As Java development environment is indispensable for the primary
function in our package, it is necessary for users to
install Java
SE Development Kit 10 before using primirTSS
.
peak_merge()
: Merge one kind of peaks
(H3K4me3 or Pol II)H3K4me3 and Pol II data are key
points for accurate prediction with our method. If one of these two peak
data is input, before executing the main function find_TSS
,
the function peak_merge
should be used to merge adjacent
peaks whose distance between each other is less than n
base
pairs and return the merged peaks as an output.
library(primirTSS)
peak_df <- data.frame(chrom = c("chr1", "chr2", "chr1"),
chromStart = c(450, 460, 680),
chromEnd = c(470, 480, 710),
stringsAsFactors = FALSE)
peak <- as(peak_df, "GRanges")
peak_merge(peak, n =250)
#> GRanges object with 2 ranges and 0 metadata columns:
#> seqnames ranges strand
#> <Rle> <IRanges> <Rle>
#> [1] chr1 450-710 *
#> [2] chr2 460-480 *
#> -------
#> seqinfo: 2 sequences from an unspecified genome; no seqlengths
peak_join()
: Join two kinds of peaks
(H3K4me3 and Pol II)If both of H3K4me3 and Pol II data, after separately merging these
two kinds of evidence first, peak_join
should be employed
to integrate H3K4me3 and Pol II peaks and return the result as
bed_merged
parameter for the main function
find_tss
.
peak_df1 <- data.frame(chrom = c("chr1", "chr1", "chr1", "chr2"),
start = c(100, 460, 600, 70),
end = c(200, 500, 630, 100),
stringsAsFactors = FALSE)
peak1 <- as(peak_df1, "GRanges")
peak_df2 <- data.frame(chrom = c("chr1", "chr1", "chr1", "chr2"),
start = c(160, 470, 640, 71),
end = c(210, 480, 700, 90),
stringsAsFactors = FALSE)
peak2 <- as(peak_df2, "GRanges")
peak_join(peak1, peak2)
#> GRanges object with 3 ranges and 0 metadata columns:
#> seqnames ranges strand
#> <Rle> <IRanges> <Rle>
#> [1] chr1 160-200 *
#> [2] chr1 470-480 *
#> [3] chr2 71-90 *
#> -------
#> seqinfo: 2 sequences from an unspecified genome; no seqlengths
find_tss
is the primary function in the package.
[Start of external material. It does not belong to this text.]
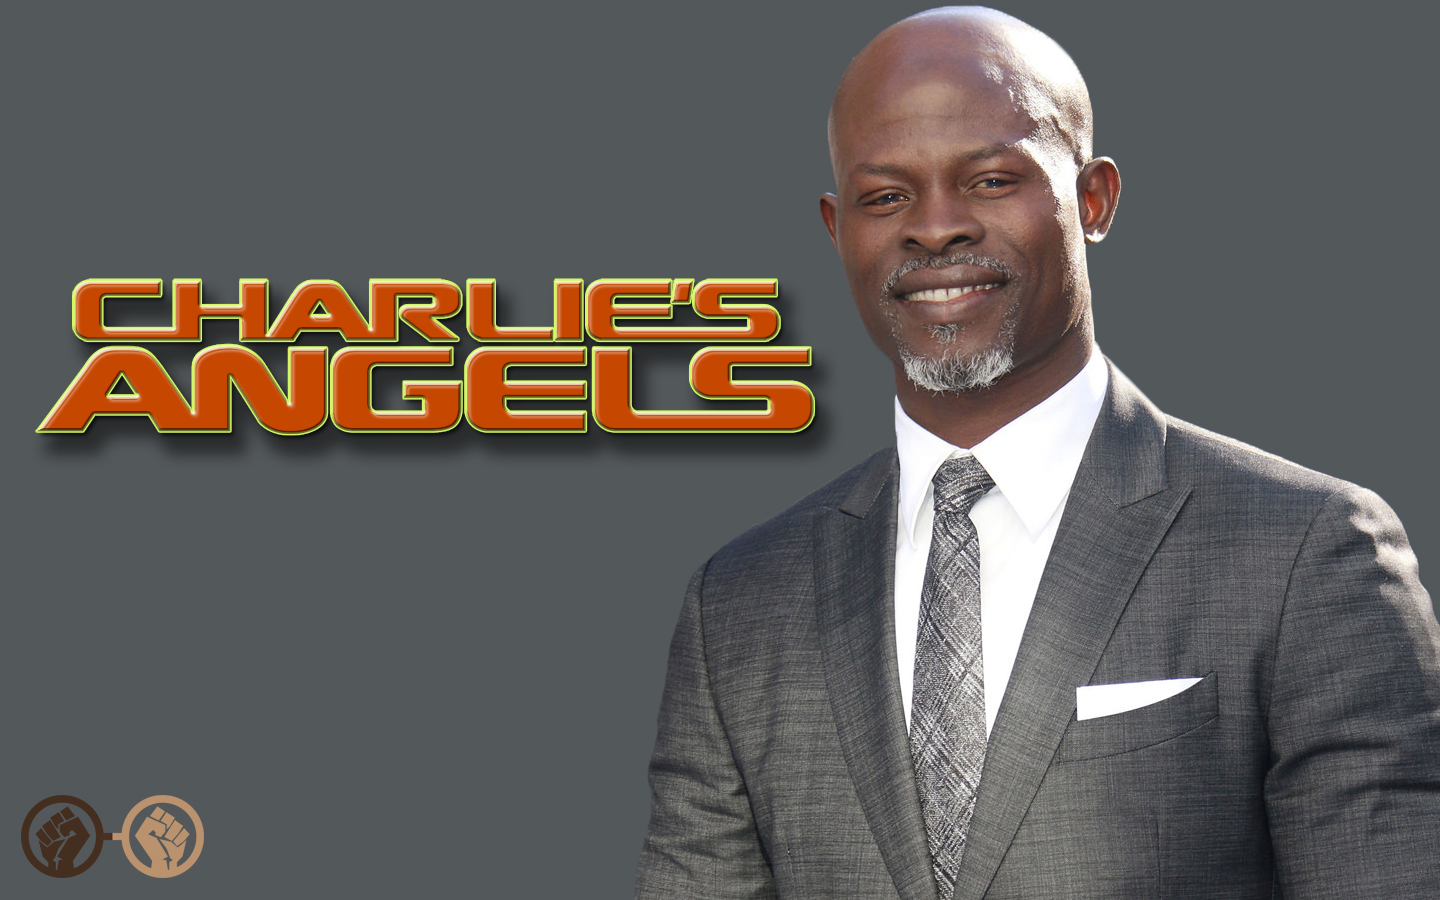 Djimon Hounsou to Play One of the Bosleys in Sony’s ‘Charlie’s Angels’ Reboot

The
program will first score the candidate TSSs of miRNA and pick up the
best candidate in the first step of prediction, (where users can set
flanking_num
and threshold
).
There will be different circumstances where not all miRNA expression profiles, DHS data, protein-coding gene(‘gene’) expression profiles are available:
Circumstance 1: no miRNA expression data; then suggest DHS check and protein-coding gene check.
ignore_DHS_check
: If users do not have their own miRNA
expression profile, the function will employ all the miRNAs already
annotated in human, but we suggest using DHS data of the cell line from
ENCODE to check whether this miRNA is expressed in the
cell line or not as well as and all human gene expression profiles from
Ensemble to check the relative position of TSSs and
protein-coding genes to improve the accuracy of prediction.peakfile <- system.file("testdata", "HMEC_h3.csv", package = "primirTSS")
DHSfile <- system.file("testdata", "HMEC_DHS.csv", package = "primirTSS")
peak_h3 <- read.csv(peakfile, stringsAsFactors = FALSE)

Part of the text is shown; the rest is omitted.